Fat Kid Rules the World
Years ago, actor Matthew Lillard was hired to record the book on tape version of a young adult novel called Fat Kid Rules the World. Little did he know, the job was a date with destiny. He explained it in a recent interview he did with me about the film. “When I was doing the book on tape and I was reading it for the first time, I found myself very drawn to the characters and the story. I had a really significant emotional connection to the whole thing. I think that what I saw in it was the story of an underdog. It’s the story of a kid who is lost. For me in high school, I didn’t find punk rock music [like the hero of the book], I found acting. That discovery in my life changed my life. It gave me hope and a direction in life.”This started Lillard on a long road to making his first film as a director. He optioned the book ten years ago. Finally, after years of pounding the sidewalks to get it made, Fat Kid Rules the World is reaching cinemas.
It is a fascinating, not necessarily overly commercial story, so it will be interesting to see what kind of audience it can reach. However, if Fat Kid is occasionally flawed or unfocused, it is one of the most humane and nuanced looks at society’s outcasts since Ghost World about ten years ago.
The Fat Kid of the title is Troy, played with humor and bravery by Jacob Wysocki, who starred in last year’s Terri. Troy is at a complete low point. He is overweight, mocked or ignored by his classmates, a disappointment to his retired Marine Sgt. dad (Billy Campbell) and younger brother. He has no real interests (except perhaps eating), no real hopes or aspirations and no belief that things are going to ever get better.
At rock bottom, he decides to throw himself if front of an oncoming bus, however at the last minute his life is saved by Marcus (Matt O’Leary), a drug-addicted, homeless former classmate and musician.

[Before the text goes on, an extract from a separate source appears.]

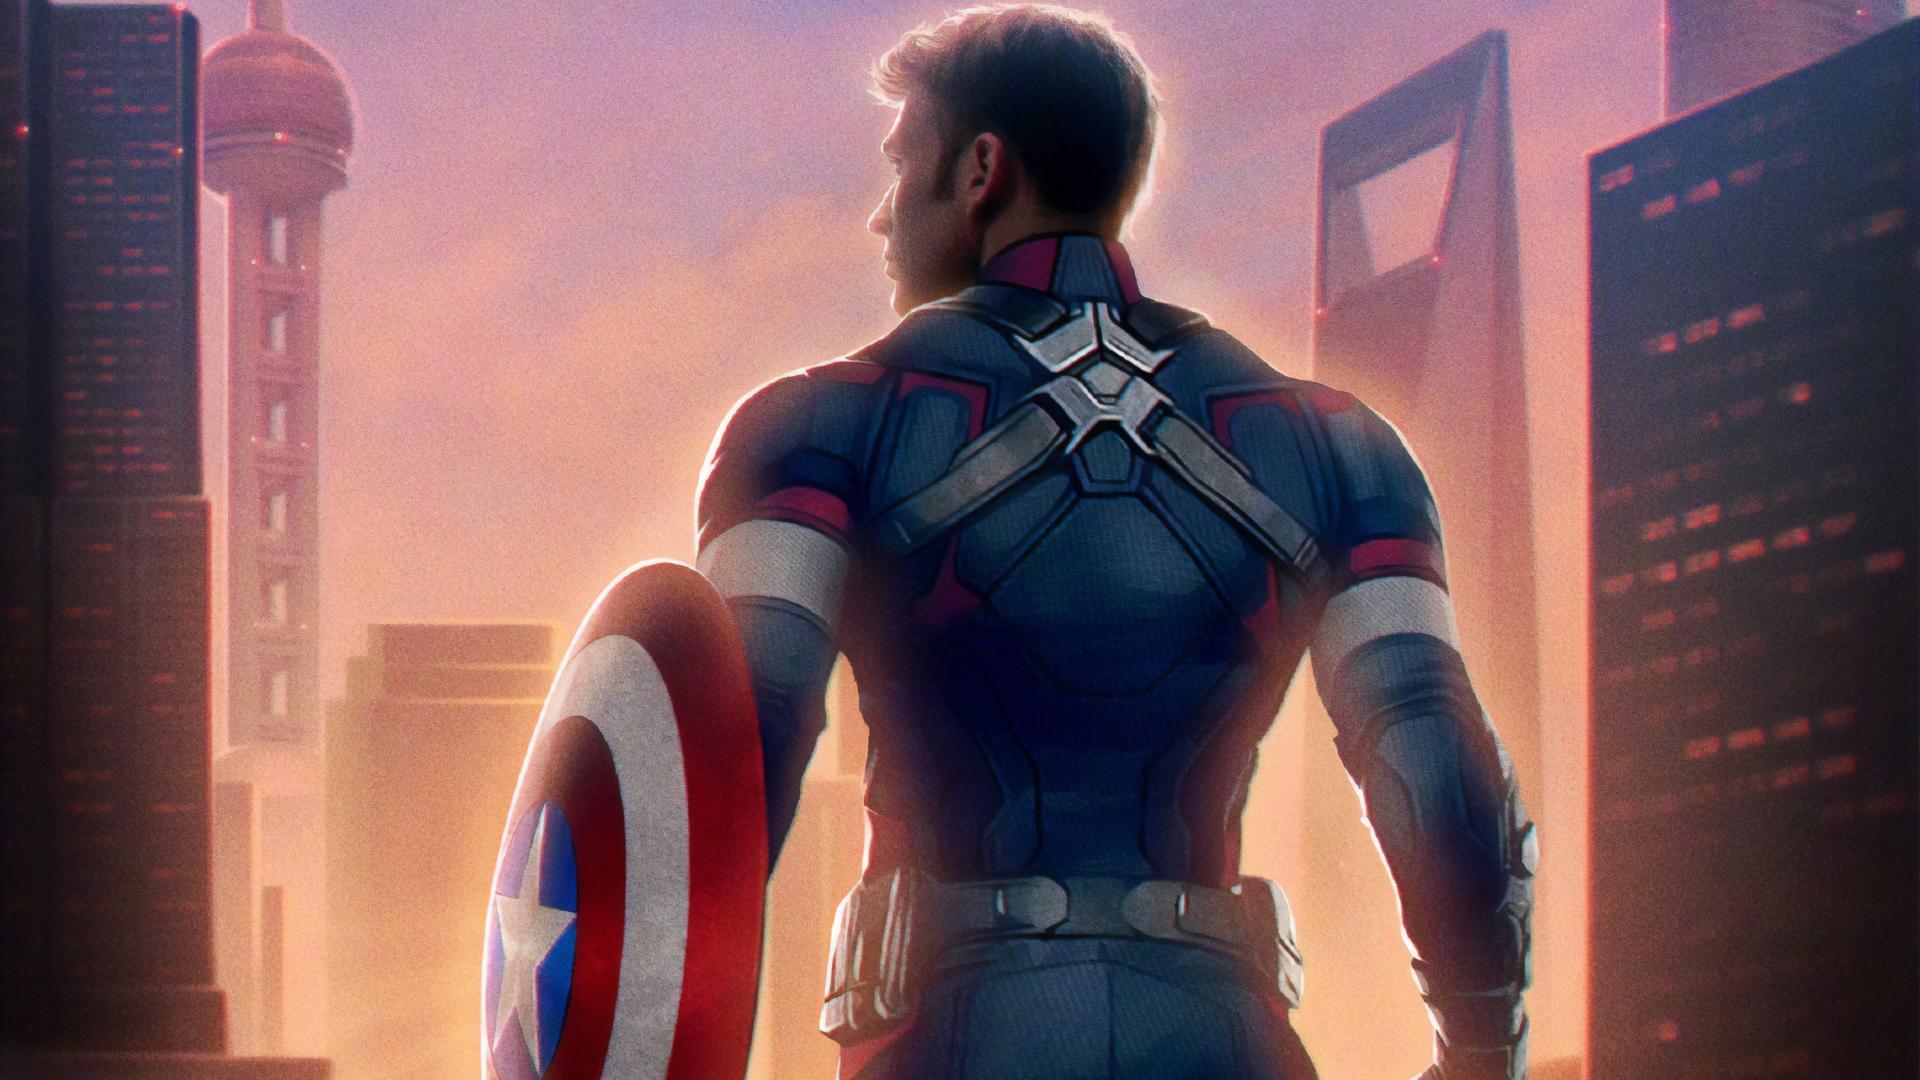 1920x1080 Captain America Avengers Endgame 1080p Laptop Full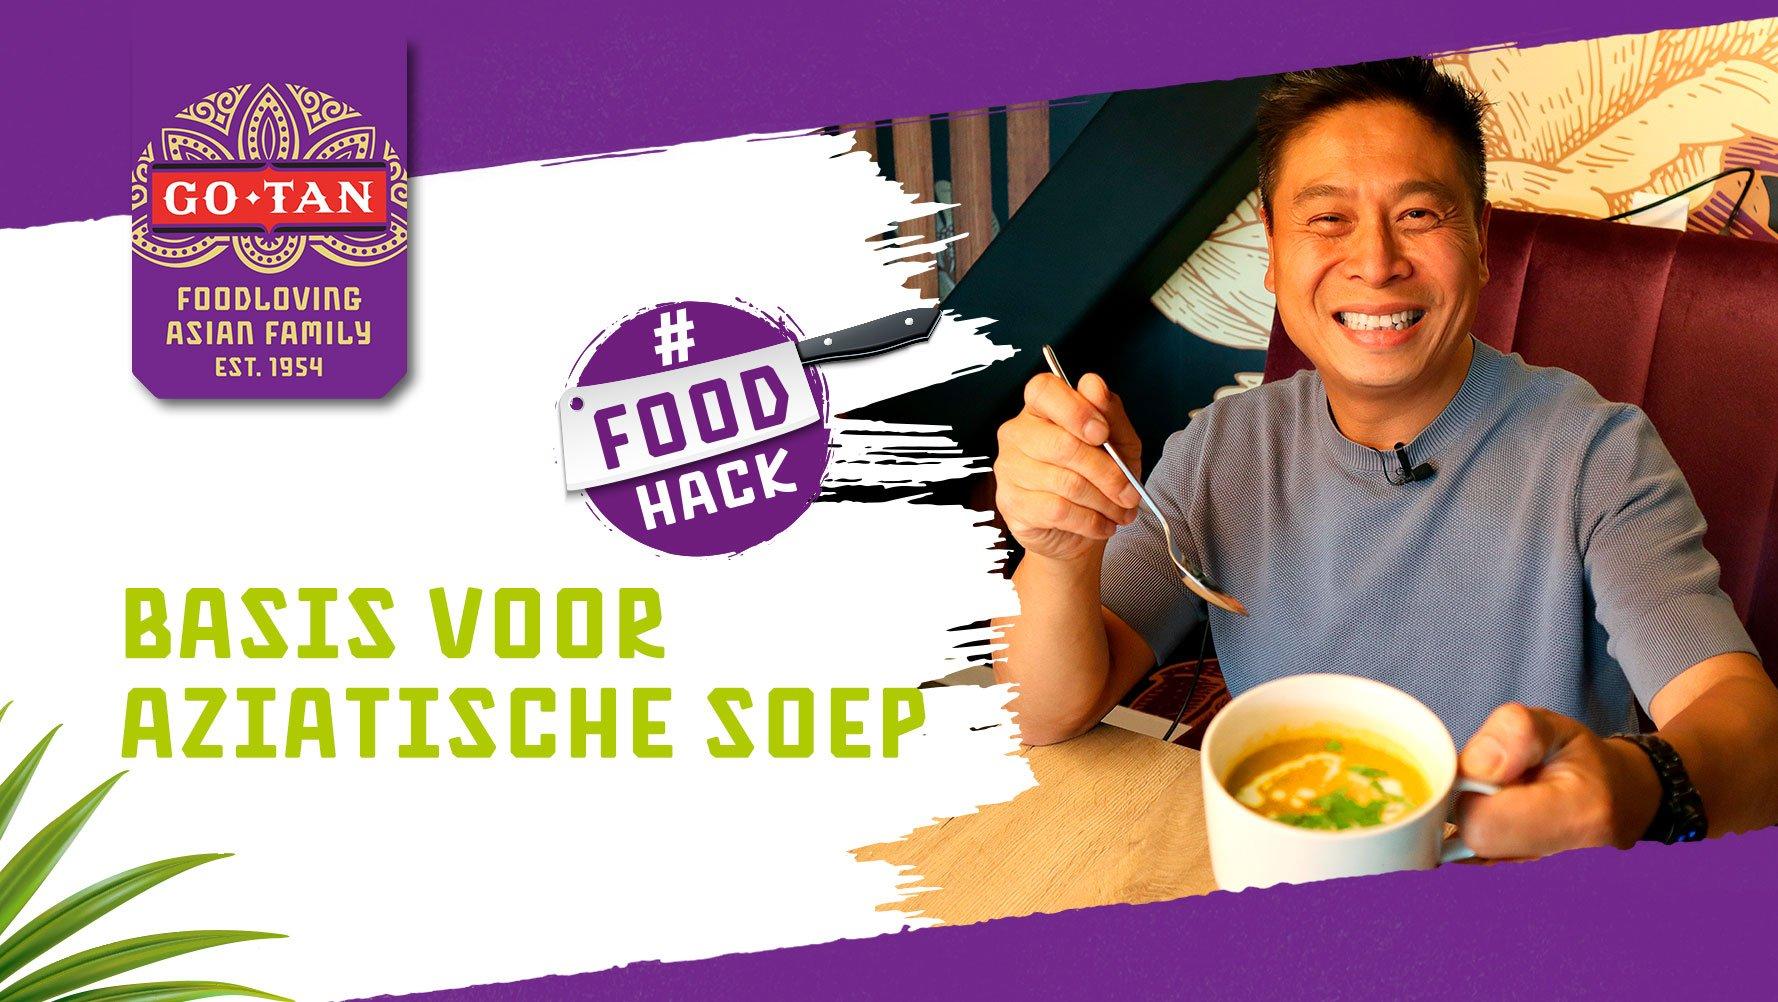 Miniatuur_YT12_Foodhack_Basis_voor_Aziatische_soep_V1.jpg

Marcus is not romantic about his chivalry – after saving the kid he hits him up for money – but an odd friendship and alliance between the two outcasts gives them both a new purpose.
However, this does not mean that their relationship is necessarily good for either of them. They are each using each other in different ways. Still, somehow, their neuroses and their needs fuel each other.
Lillard does an interesting thing here as a director. Fat Kid Rules the World lives in two parallel universes. The high school scenes and the parties have all been seen before – well mostly. Yet there is also a much deeper level that is more subjective, these characters are shown to be fascinatingly complex and often contradictory, just like real people.
This slight schizophrenia makes watching Fat Kid bumpy going sometimes, but for the most part it is a surprisingly interesting look at two of life’s “losers.”